Yeah there's not to much problem using the clove hitch, but a bowline doesn't meet with ansi standards if I understand it right, because it's not a cinching attachment like say an anchor hitch. Personally, I'm fine with a bowline and don't think much of it when rec climbing, but if a person does this for a business they may be accountable for using the bowline. In my understanding a cinching knot like the anchor hitch is used to prevent the rope from escaping the biner in the event that the gate were to become momentarily open. When loaded the knot will hold the crotch of the biner tightly and not allow the rope to escape.


----------



## Damon (May 11, 2010)

Josh777 said:


> Yeah there's not to much problem using the clove hitch, but a bowline doesn't meet with ansi standards if I understand it right, because it's not a cinching attachment like say an anchor hitch. Personally, I'm fine with a bowline and don't think much of it when rec climbing, but if a person does this for a business they may be accountable for using the bowline. In my understanding a cinching knot like the anchor hitch is used to prevent the rope from escaping the biner in the event that the gate were to become momentarily open. When loaded the knot will hold the crotch of the biner tightly and not allow the rope to escape.

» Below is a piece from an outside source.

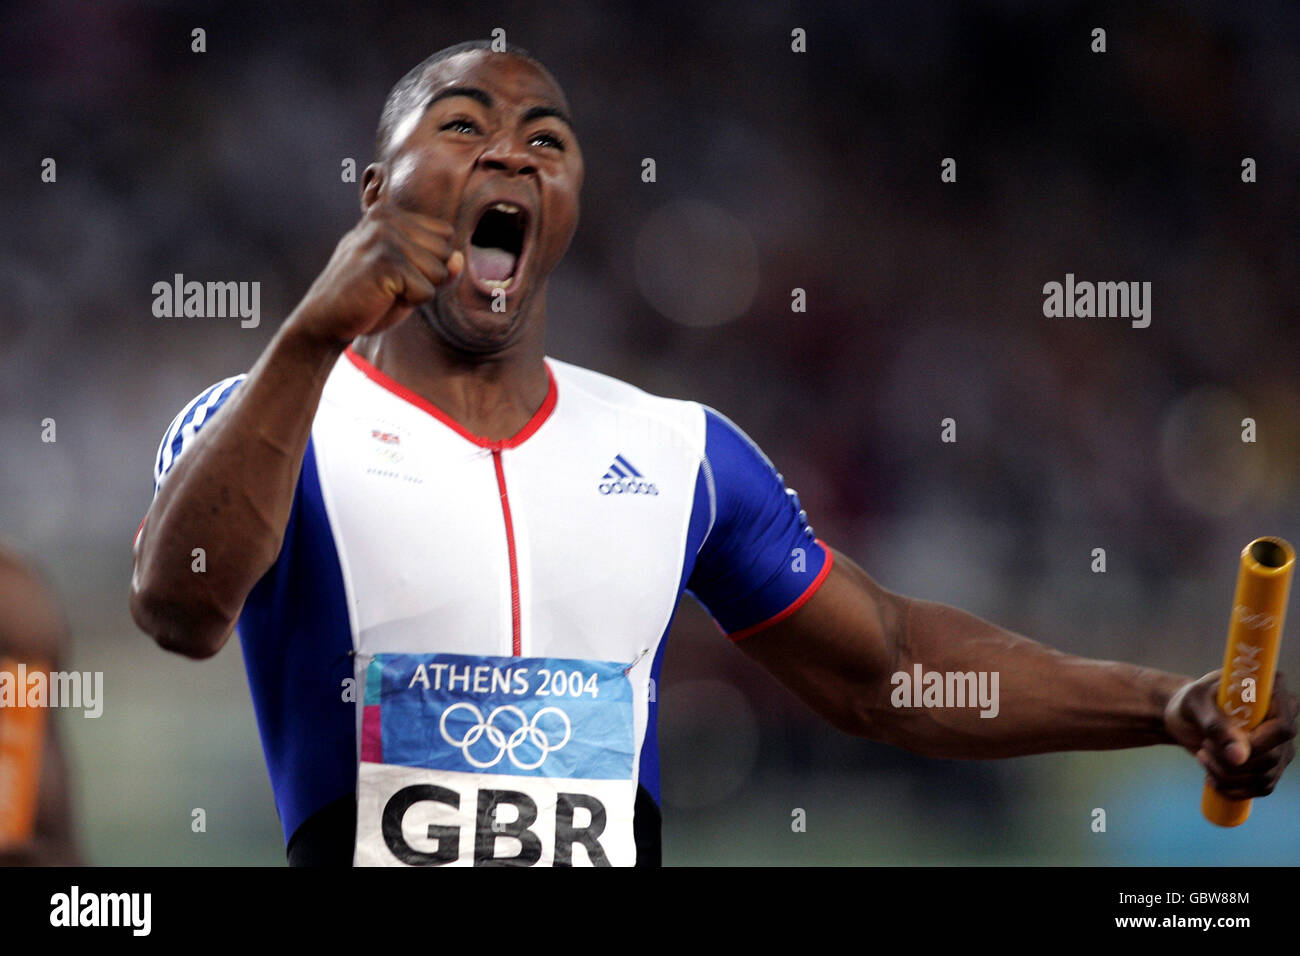 Athletics - Athens Olympic Games 2004 - Men's 4 x 100m Relay - Final. Great Britain's Mark Lewis-Francis celebrates after bringing the 4x100m relay team home to the gold medal Stock Photo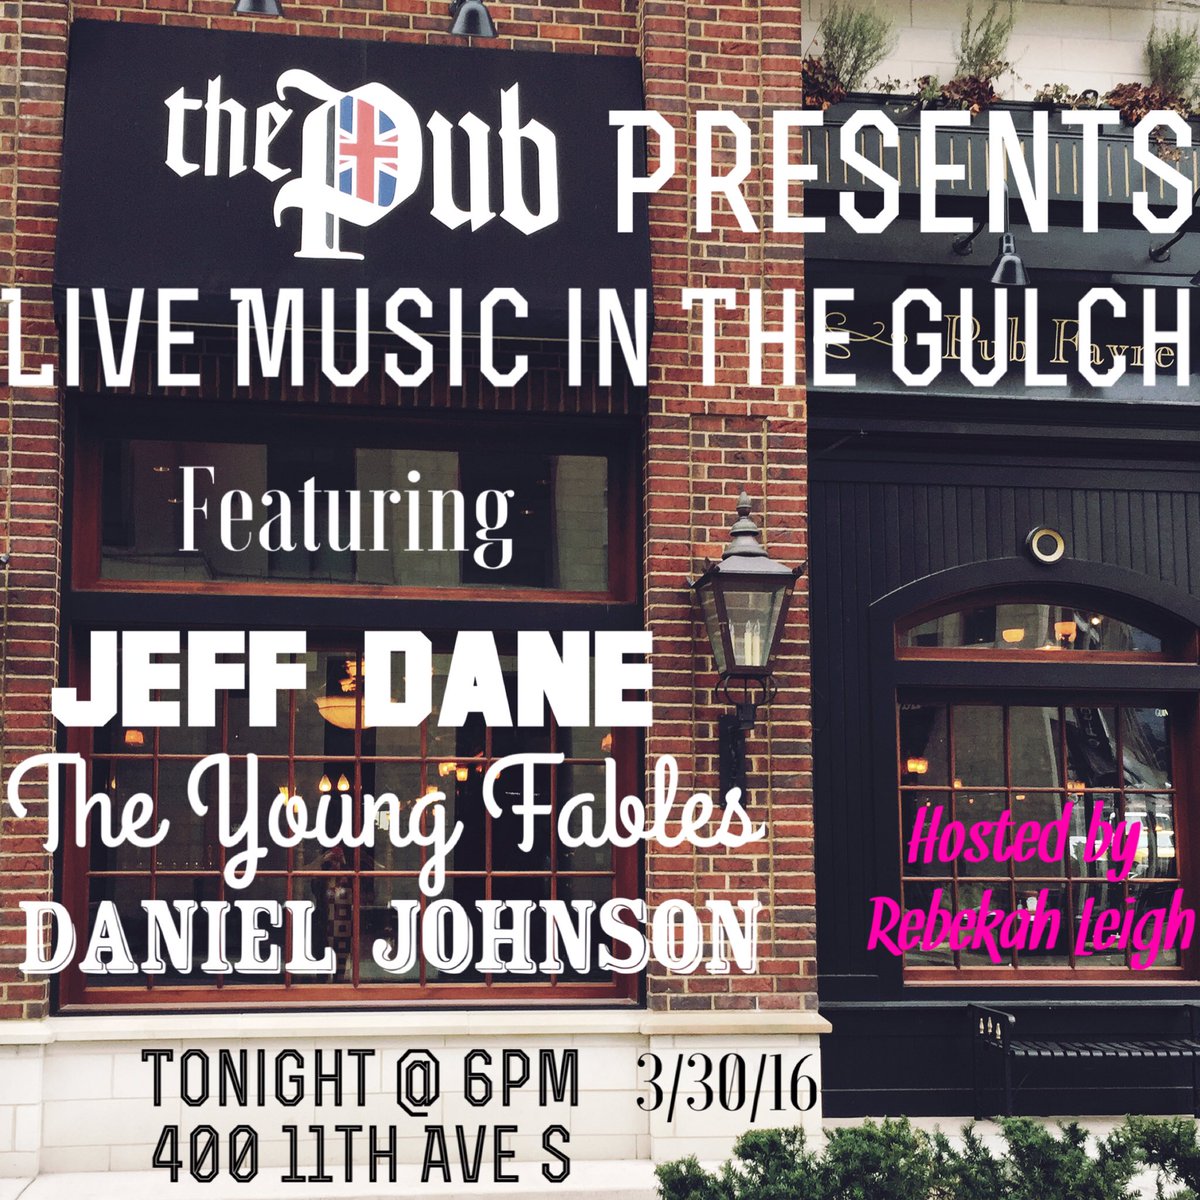 Here's the lineup for tomorrow night at #ThePubNashville. Come join us in #TheGulch for #LiveMusic. #MusicCity

Im gonna have to agree with josh on this one if you are gonna use something lie a bowline at least use a figure 8 on a bight personally i always tie my split tails with a double fishermans and i usually put a stoper in it just in case you can never be to careful when it comes to that stuff

i have use a clove before and have never really had a problem with it rolling but i know that it can i think that is another knot that when attached to a biner should be backed up by either a stoper or a couple half hitches

Tom


----------



## rarefish383 (May 13, 2010)

I guess I'm way old school. My saddle has double D rings, the hip rings for my flip line. I use the center rings for my climbing line. I used to use a locking snap with about a 40" tail and a taughline hitch and figure 8 in the end. A biner would work fine. I quit usining the snap when I through it over a limb and it smacked me in the mouth. Sometimes you need more than 2 hands. Now, I just tie my line to the D's with a couple half hitches and leave the 40" tail, etc. It is slow when retying, but production is not on my mind nowadays, Joe.


----------